When the capes were done, I took them to school for Loki's inspection; I was terrified that he wouldn't approve of them. I was equally terrified that I'd made the capes for a hallucination, but I thought I'd better be safe than sorry. After all, my job was on the line. Loki did approve the capes, and I put the tiny cape on my Lego Loki with shaking hands, and handed the real one two full-size capes and the extra little one. He bowed, and said our business together was done, at least for now. He smiled his sarcastic smile, and winked at me again.
"Oh", I said, "I made another purchase, just for you." I went into my school bag and brought out a 12" figure of Thor, complete with Mjolnir, and stood him on top of my computer monitor and fastened him down with a lot of duct tape.
Loki looked at me with fury, and I was afraid he was going to kill me on the spot (I saw him kill those dark elves). But he simply glowered at me, swore inelegantly, and disappeared.
Finally, it was all over. Thor would prevent any more trouble, and the full-sized Loki was gone. We continued with the school year as best we could, but I have to admit that sometimes I missed Loki's company. He was lovely to look at, when he creating chaos, and he could make a very dull afternoon very interesting. It was better he was gone, though. My principal and assistant principal came back, and things went back to normal, until one Thursday morning.
I opened my office door to find a huge blond god looking down at me, blue electric bolts traveling over the surface of his great hammer, blue eyes sparkling. If I thought Loki filled up my tiny office, I'd been wrong, this guy was truly huge, complete with red cape.
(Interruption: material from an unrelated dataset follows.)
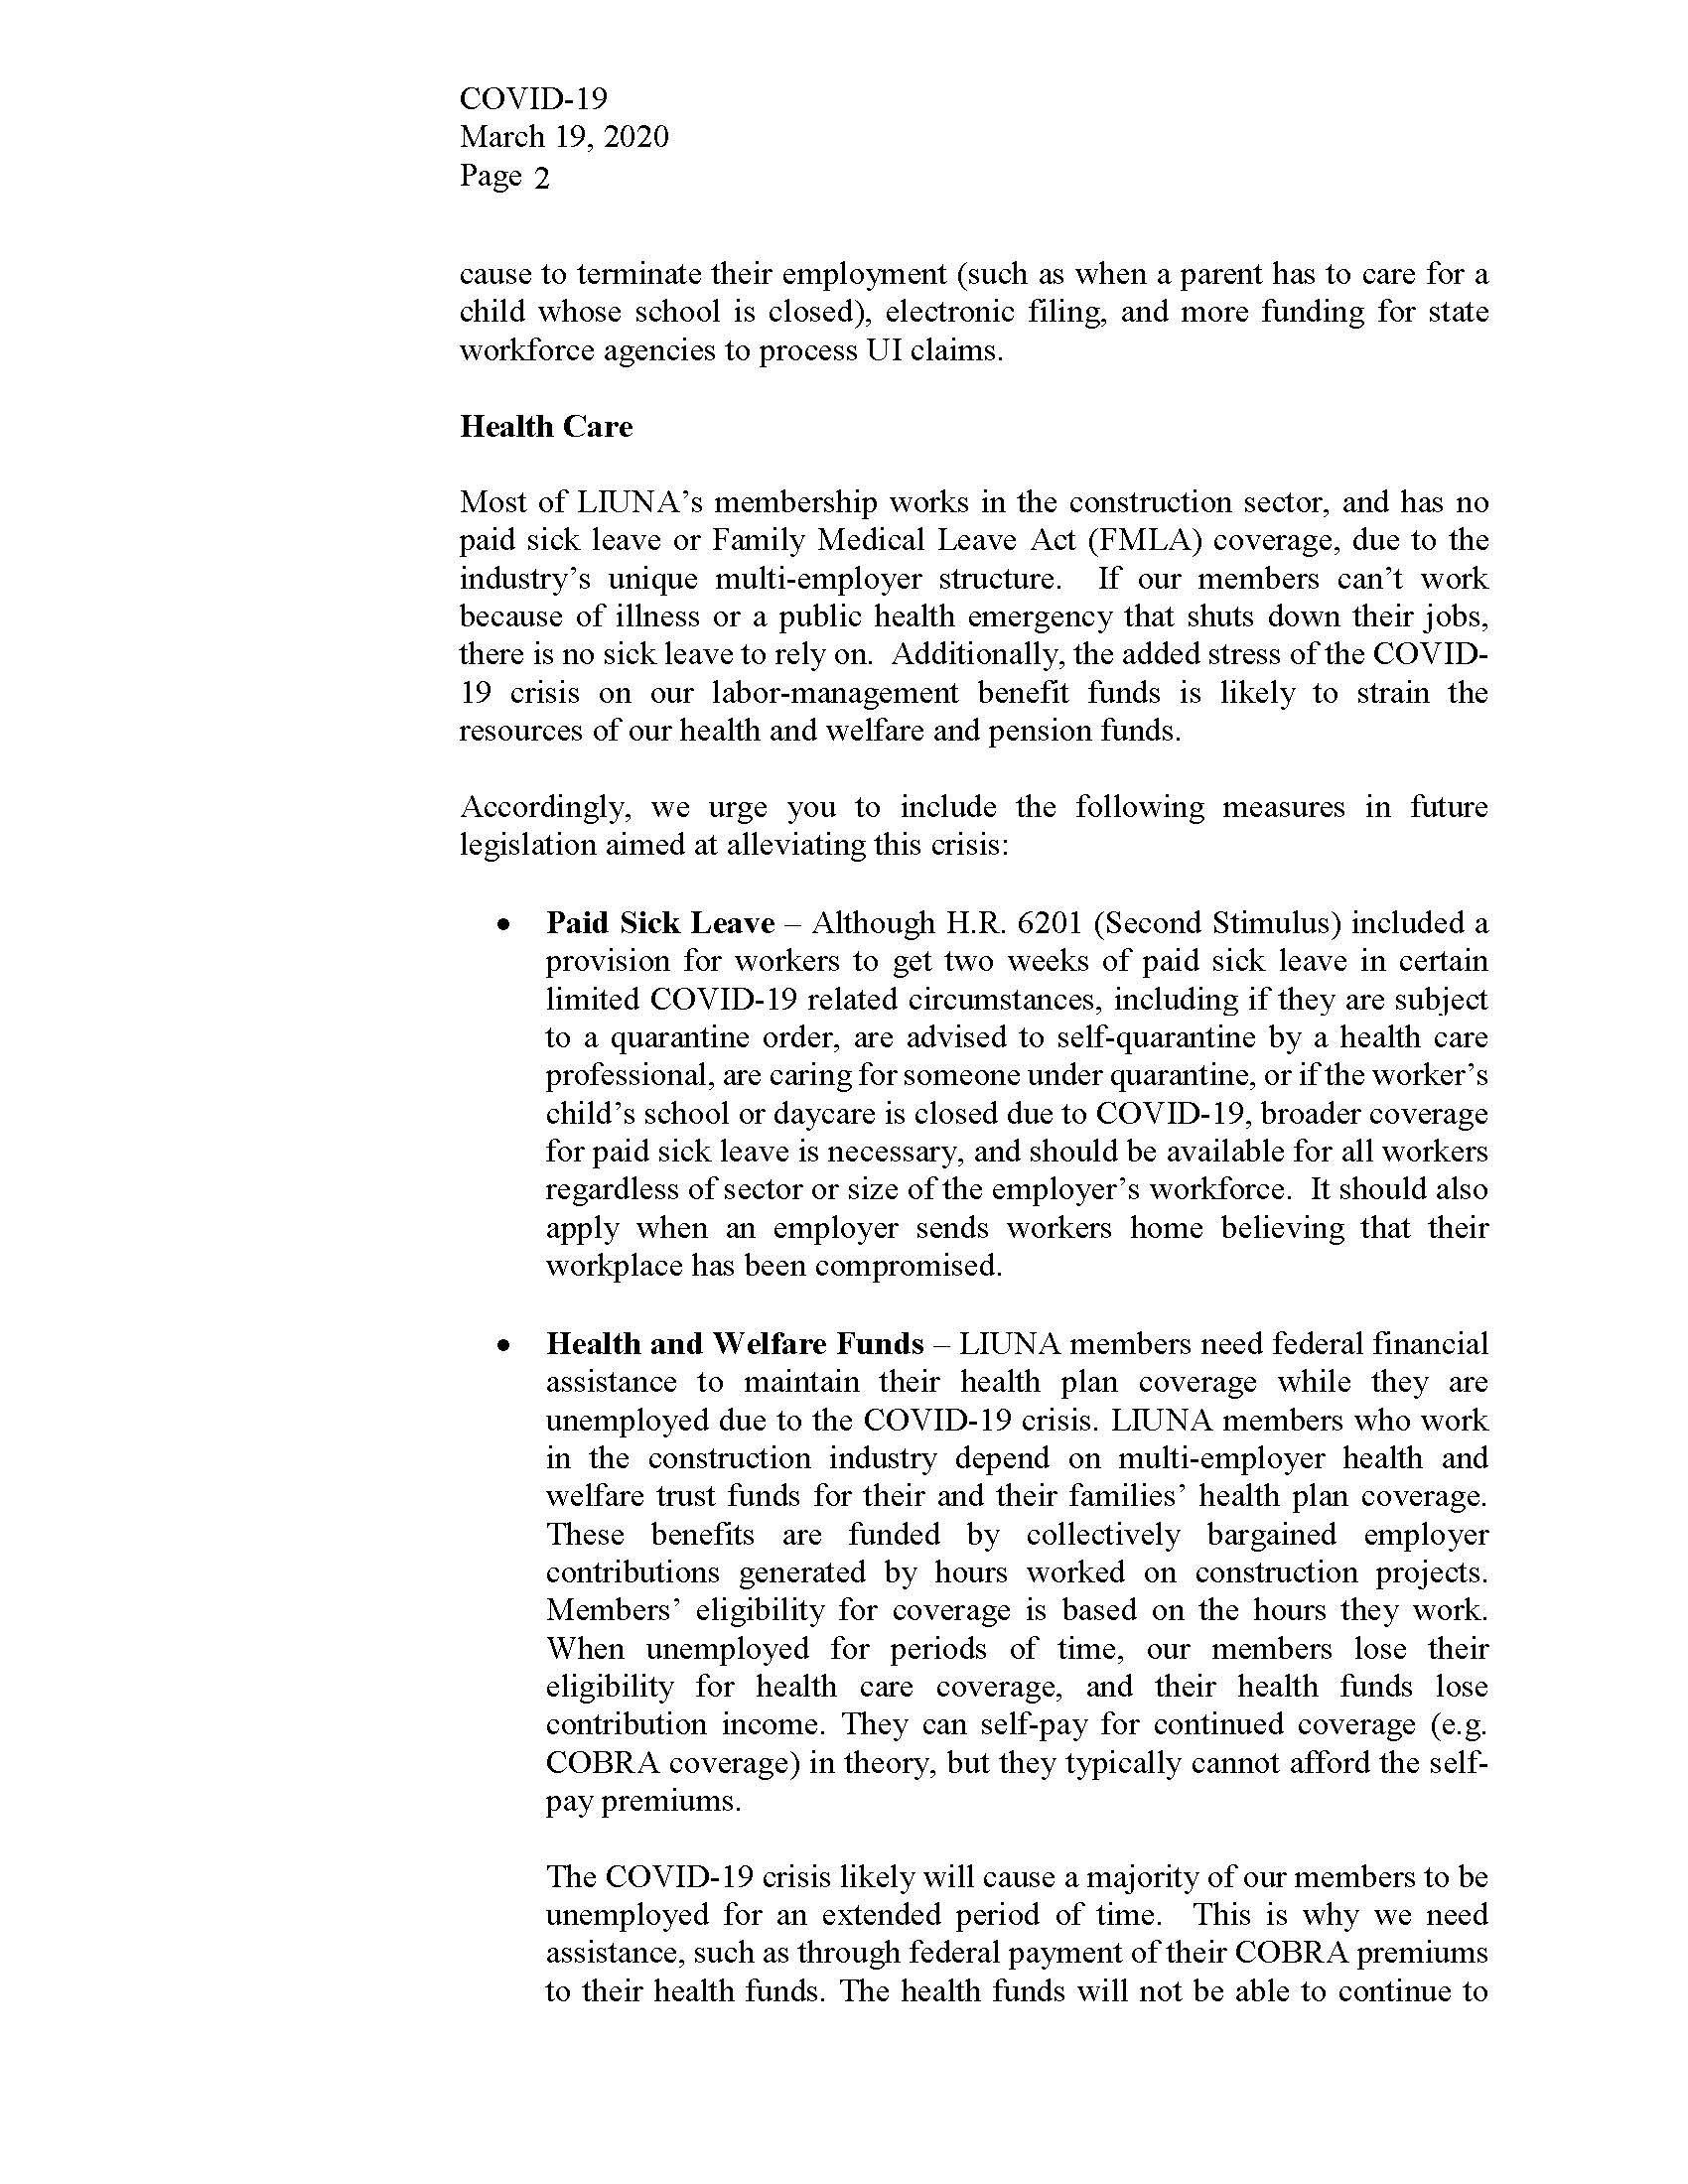 LIUNA COVID-19 March 19 2020 Final Final_Page_2.jpg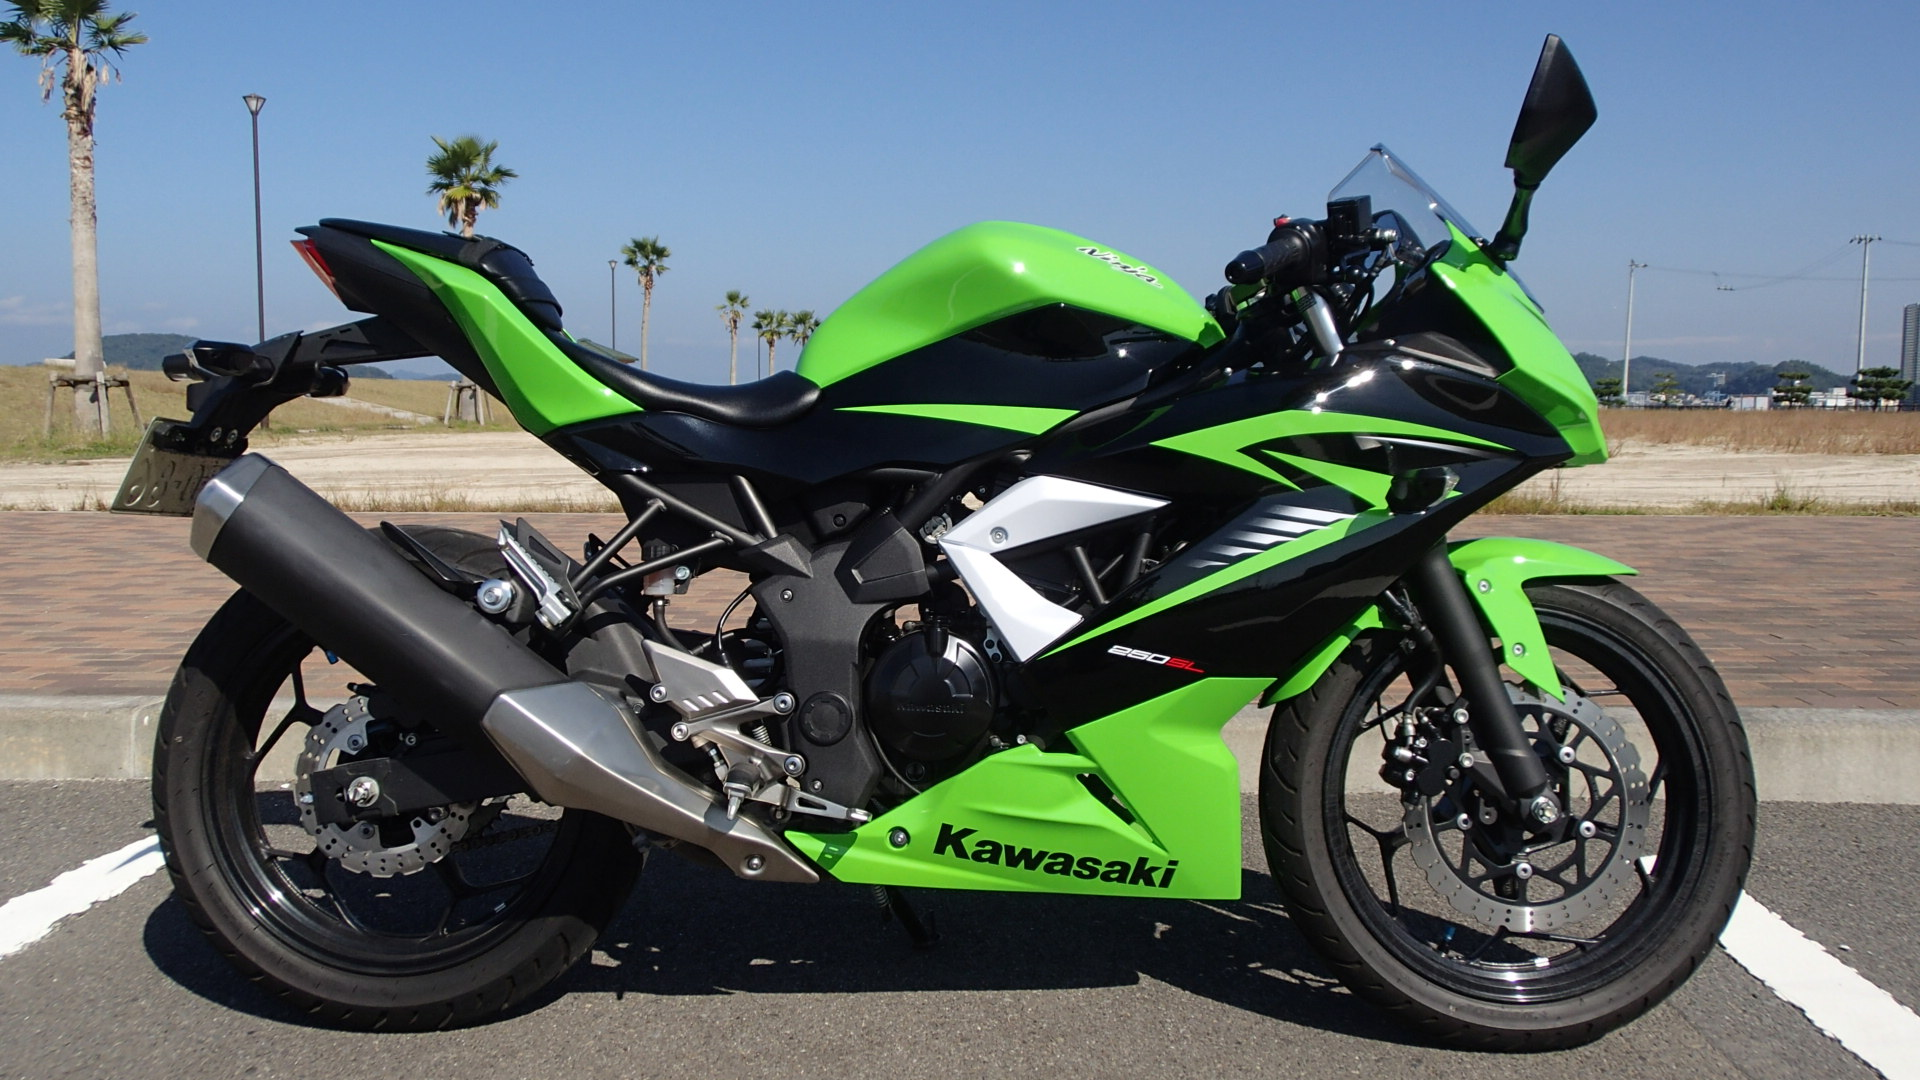 Kawasaki Ninja 250SL 2019 Akan Diluncurkan Awal Maret Ini

With great aplomb, I said, "Uh, hello, uh Thor?" He smiled genially down at me.
"My lady", he said gently, "I hate to complain, but I find these accommodations inadequate. I have work that must be done in the Nine Realms, and though I have appreciated your hospitality, I find I must leave. It has been interesting watching you work with the children; I must complement you, you are good at your job. So, I give you my thanks, and bid you farewell."
"Thor! Don't you dare leave me alone here with Loki. You know what happened last time!"
"You must not worry, Susan, all will be well. I am convinced that my brother will behave himself; I have had many long talks with him, and have threatened him with dire consequences should he bother you again. Good-bye and good luck to you."
"Thor! Please!" But he was gone. My little Loki stood on my computer monitor looking like the child's toy that he was, the big Thor figure gone. Little Loki had his cape now, and looked far more dignified, and not quite so grumpy. So, I believed Thor, and knew that all would be well, until…
Almost a year went by, and things were blissfully dull and ordinary. I walked in my office one morning, to find my Lego Loki figure standing on top of my pencil cup. OK... I picked him up and looked at the little figure in my hand and said, "You know what Loki? I'm not making you anymore capes, and this time, we're going to do things my way!" As I live and breathe, I swear that little face smiled and winked at me.
End NotesThe author is a school counselor at a large middle school. Of course, she knows that she doesn't need the God of Mischief to make a middle school an insane place to work.